Samstag, den 08. und Sonntag, den 09. September 2007

Es regnet schon wieder, die Pferde frieren - Lifrase und Lanzelot haben wir eingedeckt.
Wallace war am Samstag deutlich besser und am Sonntag wieder schlechter dran mit seinem rechten hinterem Bein. Ullie und Kerstin haben eine Notbox aus Baumstämmen gebaut, damit er ruhig steh. Am Montag muss in jedem Fall noch mal der Tierarzt kommen.

Freitag, 07. September 2007

Endlich hat der Dauerrregen aufgehört und die Pferde durften für ein paar Stunden auf die Weide. Als ich am Nachmittag zum Stall fuhr, um sie wieder rein zu holen, lahmte Wallace hinten links so stark, dass er für den kurzen Weg (100 Meter) von der Weide auf das Paddock fast eine halbe Stunde brauchte. Das Fesselgelenk war dick geschwollen, er trat kaum noch auf und hatte offensichtlich starke Schmerzen. Also die Tierärztin gerufen.

Jetzt hat er Schmerzmittel und Antibiose bekommen, aber wir wissen noch immer nicht wirklich, was er eigentlich hat. Er bekommt Medikamente und soll über das Wochenende ruhig stehen. Dann sehen wir weiter. Also haben wir ihm notdürftig einen eigenen kleinen Stellplatz gebaut, getrennt von den anderen, damit er wirklich seine Ruhe hat.

Hoffentlich geht es ihm bald wieder besser. Dieses Jahr ist irgendwie "der Wurm drin". Dauernd ist eines der Tiere krank... Das tut uns leid für den, den es gerade erwischt hat und macht uns wegen der Kosten etwas Bauchschmerzen. Aber es hilft nichts... da müssen wir nun durch. Wird ja wohl irgendwann auch wieder aufhören mit der "Krankenstation" bei Häuser der Hoffnung e.V.

Mittwoch, 05. September 2007

Die Berge ringsherum sind weiß! Ja, vom Schnee, Ihr werdet`s kaum glauben! Die Pferde frieren noch mehr, den alten Lifrase habe ich sogar eingedeckt für die kalten Morgenstunden. Die wärmende Decke fand er toll!

Es regnet ununterbrochen. Ein Wolkenbruch nach dem anderen...

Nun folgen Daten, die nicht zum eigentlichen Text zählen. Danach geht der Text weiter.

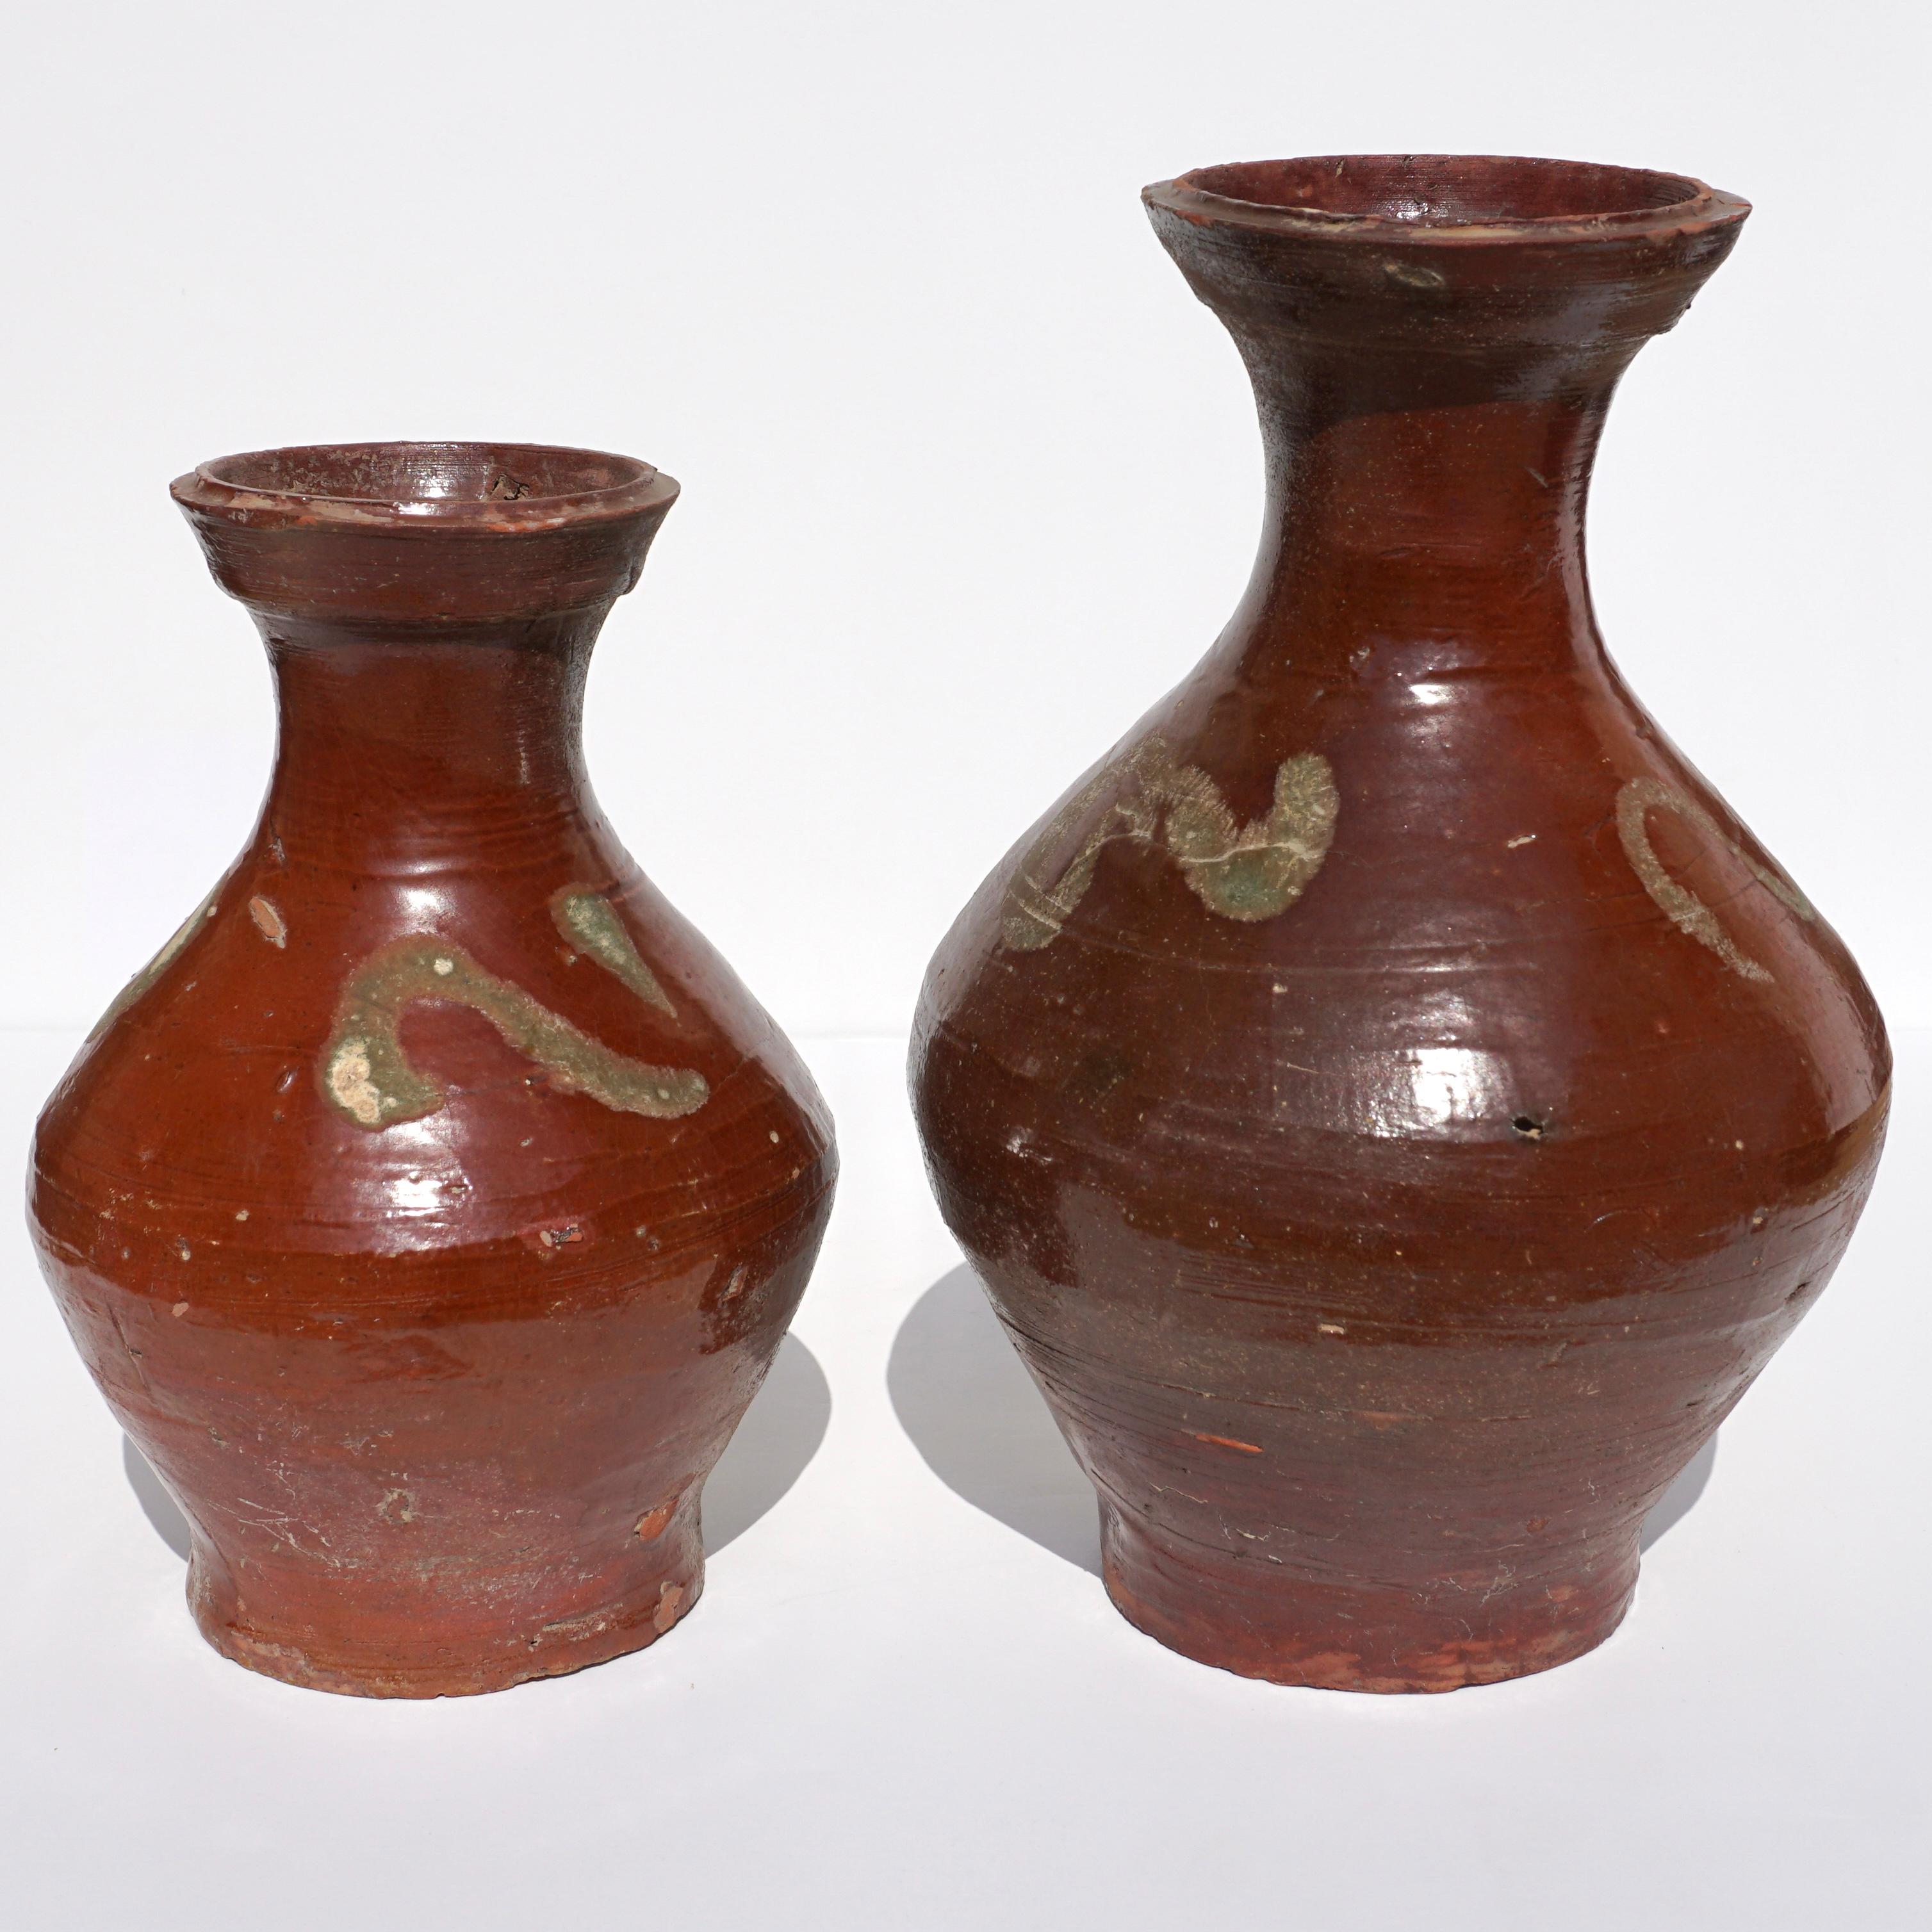 C. AD 618-907. Tang-Dynastie. 

Zwei schöne Terrakotta-Gefäße mit einer Glasur aus Ochsenblut und kastanienfarbener Farbe. Die bauchigen Körper verjüngen sich in einen schlanken Hals mit ausgestelltem Rand. Die Schultern sind mit wellenförmigen

Montag, 03. September 2007

Heute hat es einen richtigen Kälteeinbruch gegeben und die Pferde frieren. Sie sind mit dem Fellwechsel noch lange nicht durch und auf solche Temperaturen nicht eingestellt. Die Planung der Weideboxen nimmt langsam Gestalt an. Ich möchte an dieser Stelle allen danken, die auf unseren Hilferuf reagiert und etwas überwiesen haben! DANKE von mir und von Siddhartha und Lanzelot!